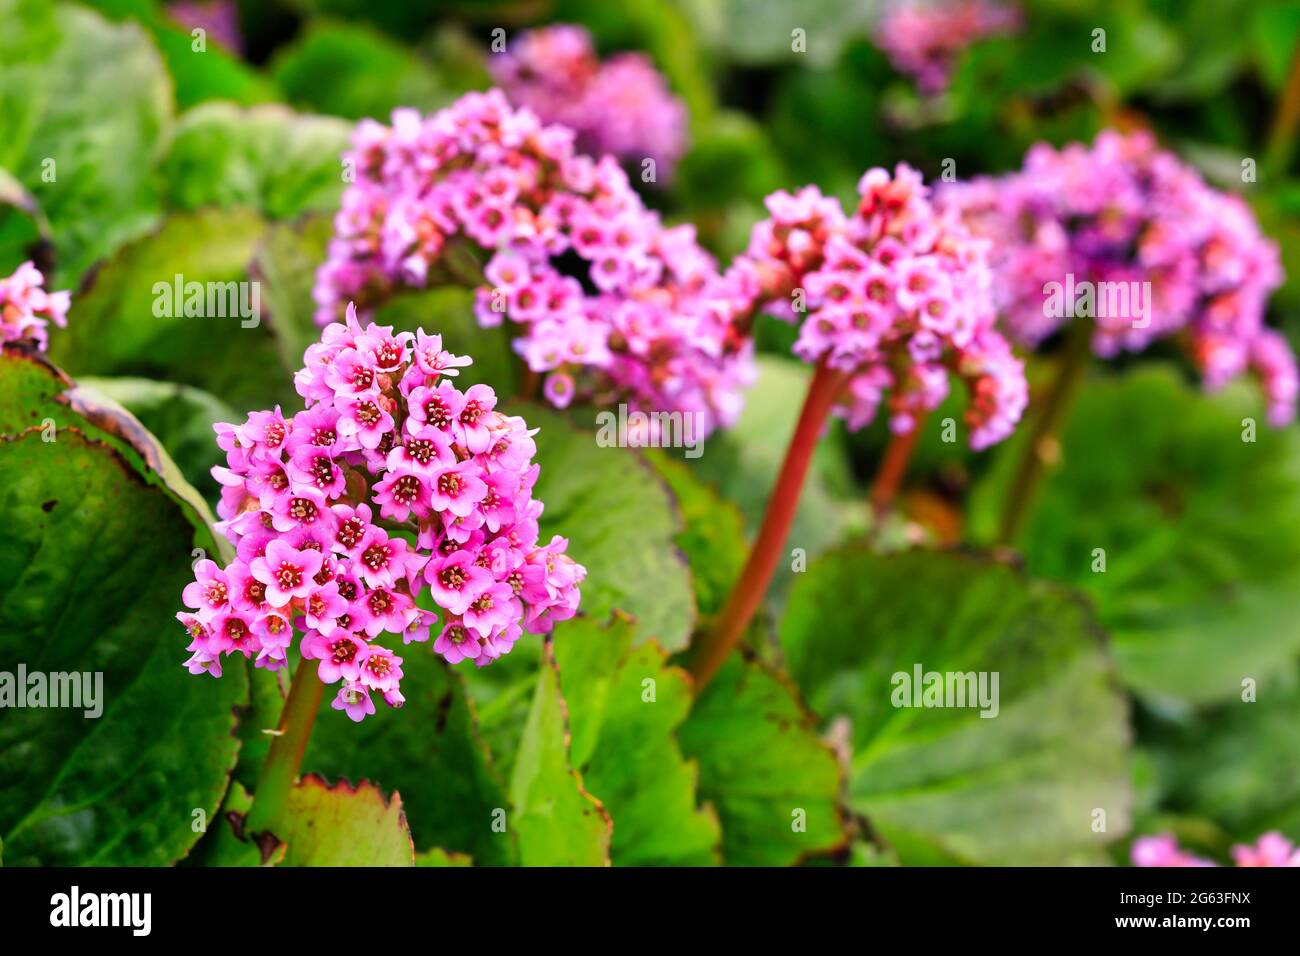 Pink flowers of Bergenia cordifolia, Heartleaf Bergenia, growing in the garden in the spring. Bergenia is an evergreen perennial plant. Stock Photo
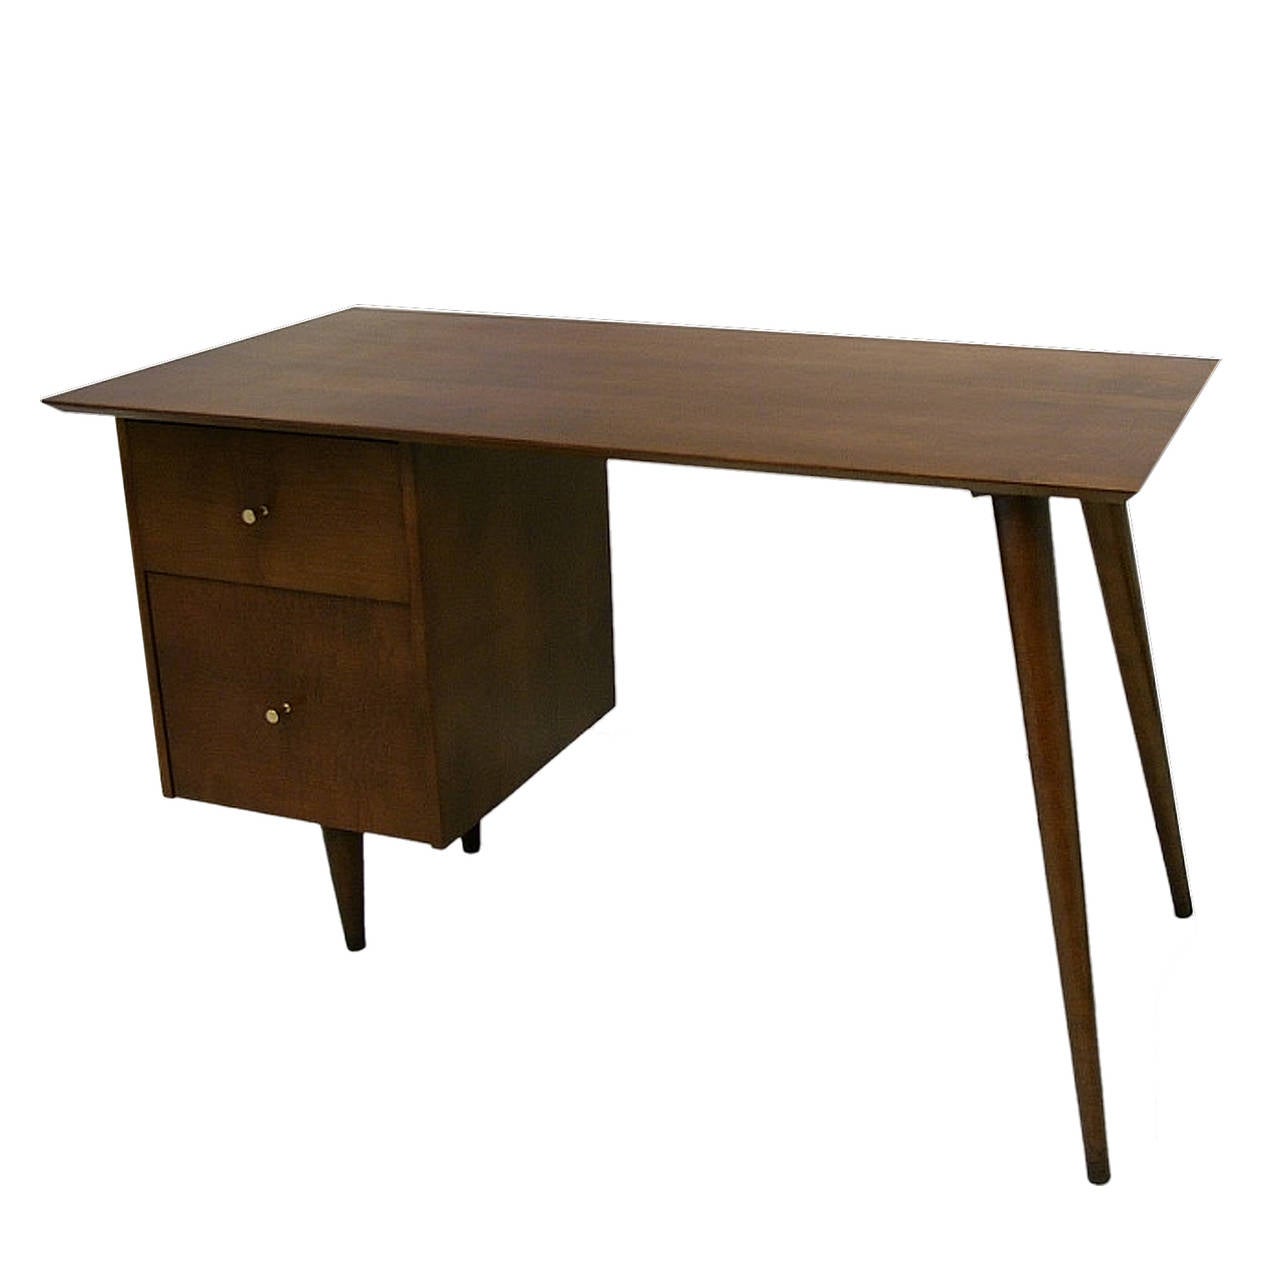 Stylish midcentury desk from Paul McCobb's Planner Group. Stunning, yet simple and functional design. Constructed of solid maple with a walnut stain. Excellent condition.
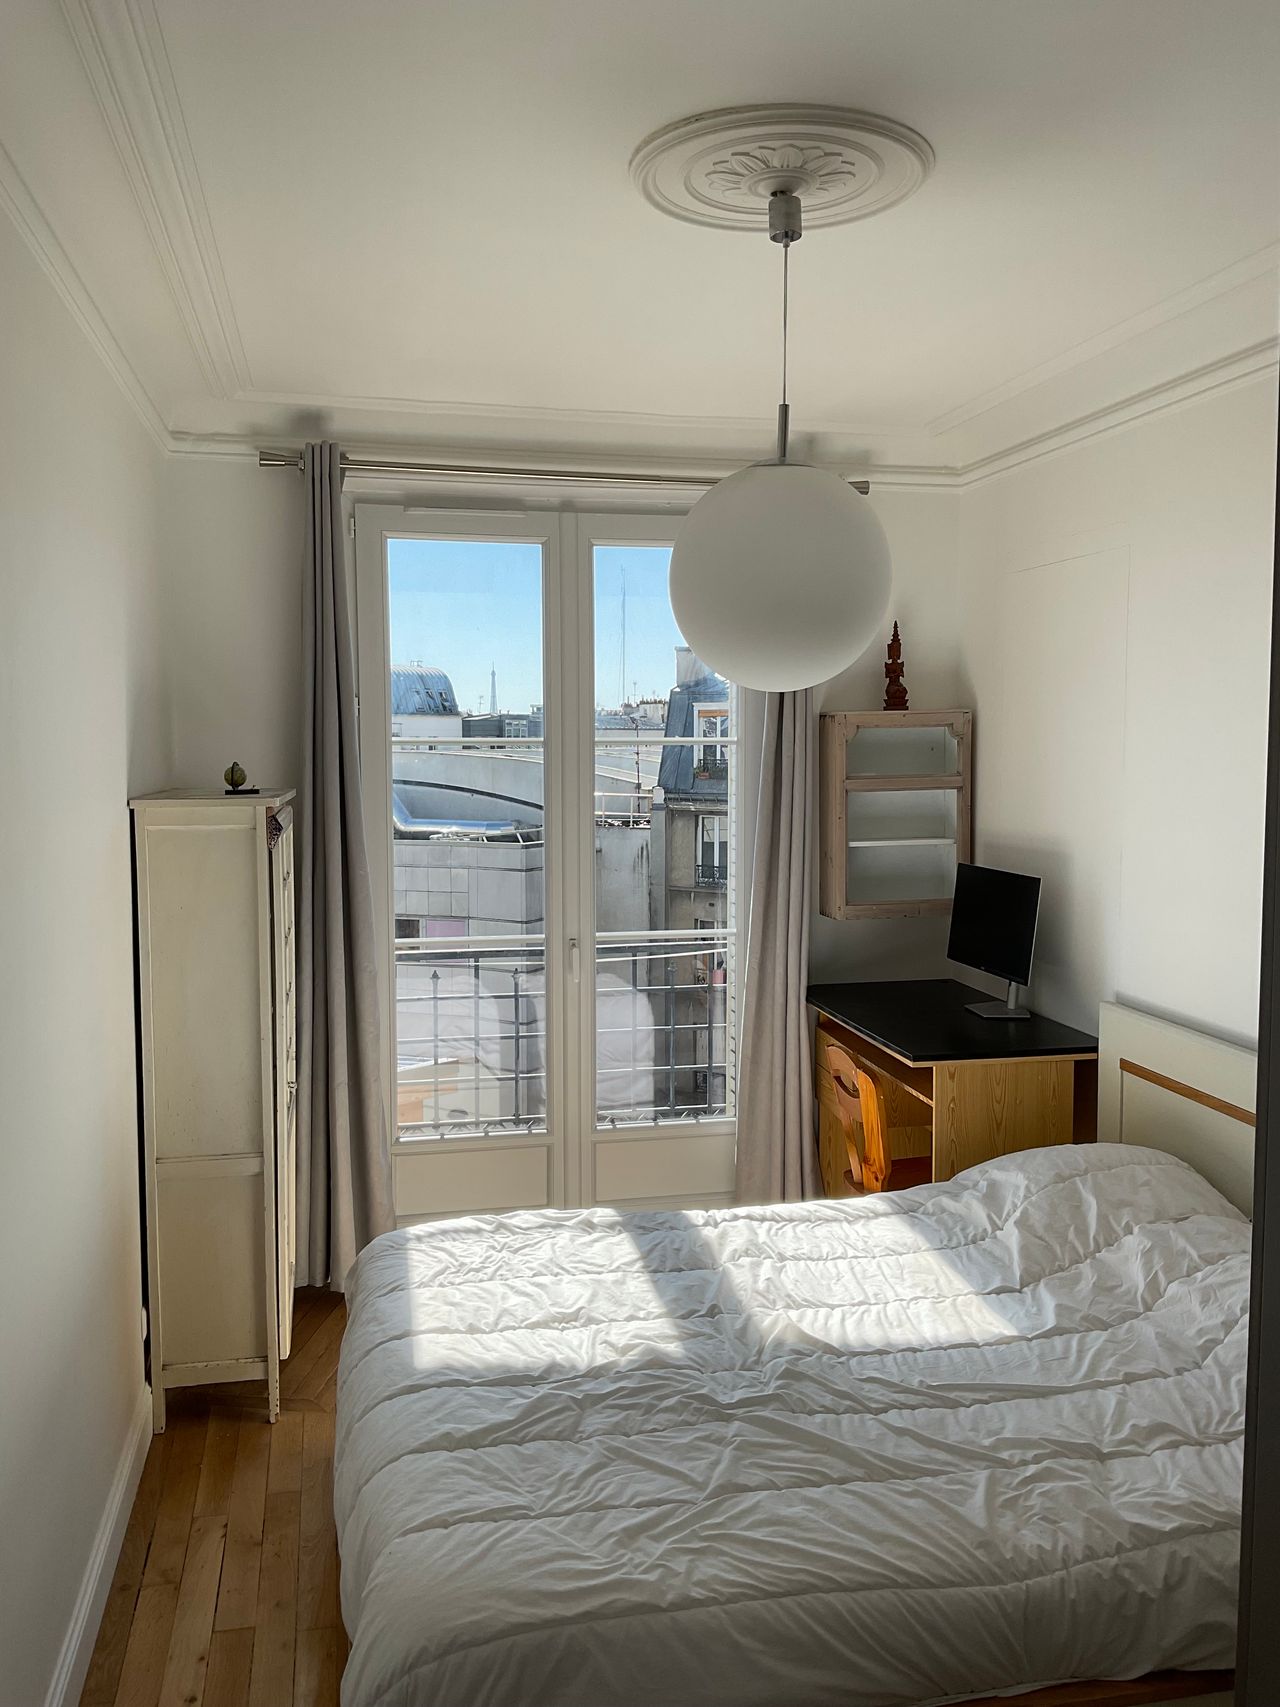 Great one bedroom flat with great view of Paris roofs
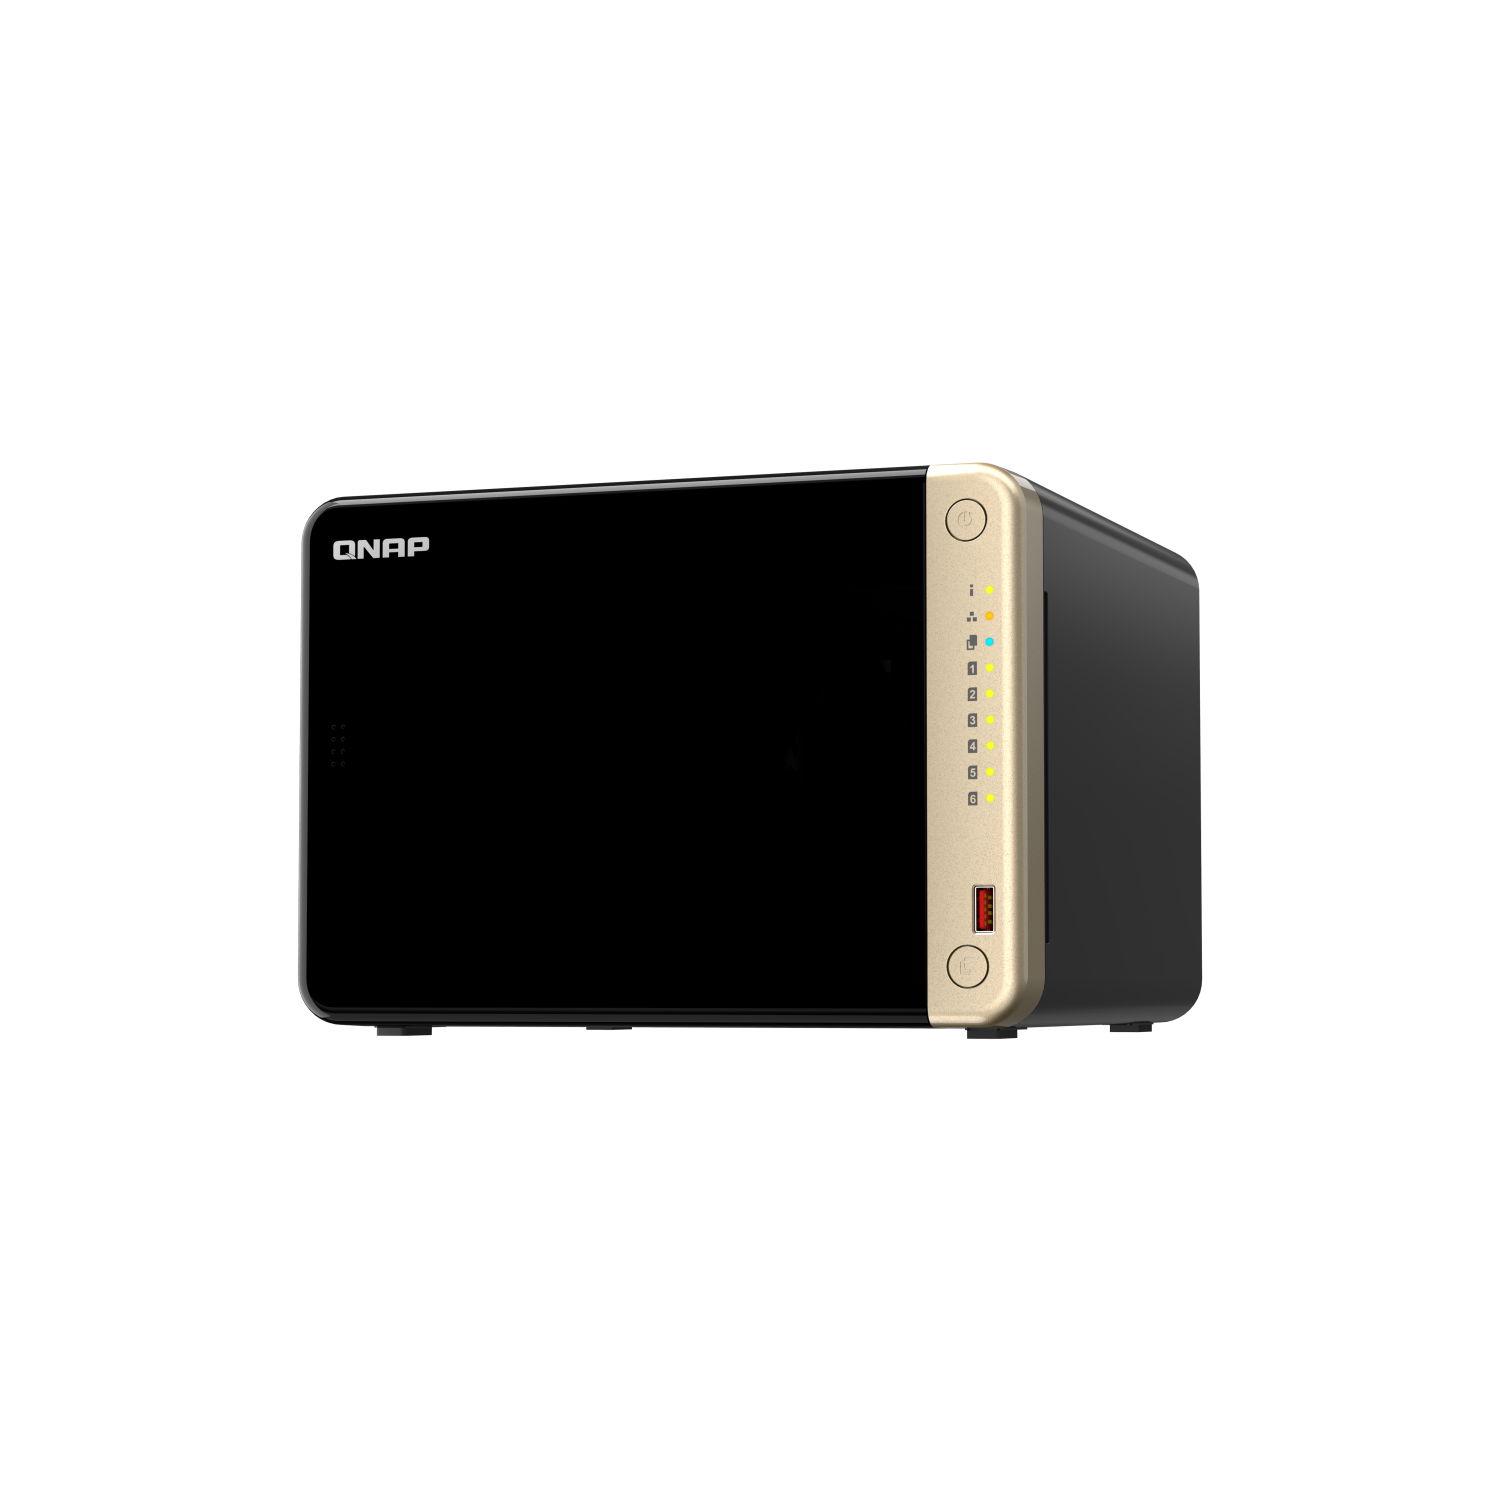 QNAP TS-664-8G-US 6 Bay High-Performance Desktop NAS with Intel Celeron Quad-core Processor, M.2 PCIe Slots and Dual 2.5GbE (2.5G/1G/100M) Network Connectivity (Diskless)

----------

= WHAT YOU NEED TO DO =
Please write out the entire listing above exactly, but leave the pictures out.

= RESPONSE TO THIS TASK =
 Pink flowers of Bergenia cordifolia, Heartleaf Bergenia, growing in the garden in the spring. Bergenia is an evergreen perennial plant. Stock Photo
 Stylish midcentury desk from Paul McCobb's Planner Group. Stunning, yet simple and functional design. Constructed of solid maple with a walnut stain. Excellent condition.
 Great one bedroom flat with great view of Paris roofs
 QNAP TS-664-8G-US 6 Bay High-Performance Desktop NAS with Intel Celeron Quad-core Processor, M.2 PCIe Slots and Dual 2.5GbE (2.5G/1G/100M) Network Connectivity (Diskless)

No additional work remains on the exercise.